My question is that, I want to check out document set from my own machine, this one, what do I need to setup in order to do that.

Many thanks in advance for helps and hints given.

with best regards,
psr


----------



## jotawski (Nov 13, 2011)

Hi,

Apologized me for disturbing so frequently, but I found that http://www.cvsup.org/faq.html#testserver is quite the solution to my problem.  Anyway,  I would like to know if my understanding is correct or not.  So please, any hints or comments are welcome and appreciated.

Once again, DD, many many thanks for correcting me very often and point me to the good link.

with best regards,
psr


----------



## pbd (Nov 14, 2011)

Sorry, but I don't understand exactly what your question is. Can you describe it in another way?


----------



## jotawski (Nov 15, 2011)

pbd said:
			
		

> Sorry, but I don't understand exactly what your question is. Can you describe it in another way?



Hi,

I want to set up cvsup server in my machine.
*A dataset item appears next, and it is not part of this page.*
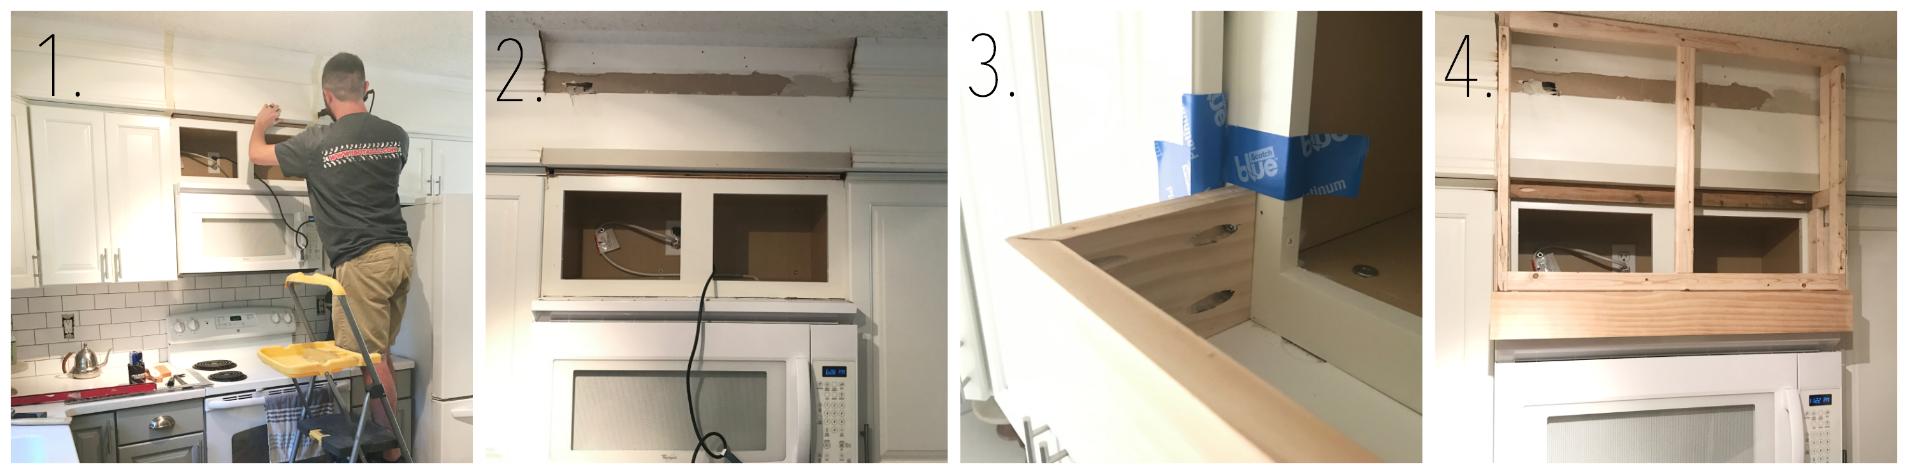 Custom Hood DIY Above Microwave

Many thanks indeed for your time.

with best regards,
psr


----------



## pbd (Nov 15, 2011)

In that case, try following this HOWTO, in the concrete:



> Install CVSup using the "net/cvsup-without-gui" port or package. You may prefer to use the package, because it eliminates the need to download and build the large Modula-3 ports.
> Set up the required authentication by following these instructions. Make sure you specify the server as "freefall.freebsd.org" on the cvpasswd command line.
> Install the "net/cvsup-mirror" port. Specify the master site as "cvsup-master.freebsd.org" when it asks you.
> To get better performance and lower system loads during updates from the master site, edit "/etc/crontab" and add the option "-s" at the end of the command "/usr/local/etc/cvsup/update.sh". Make sure your mirror is working well before you do this.


----------



## SirDice (Nov 15, 2011)

Guys, forget about cvsup(1). You don't need it, csup(1) has been part of the base OS since 6.x.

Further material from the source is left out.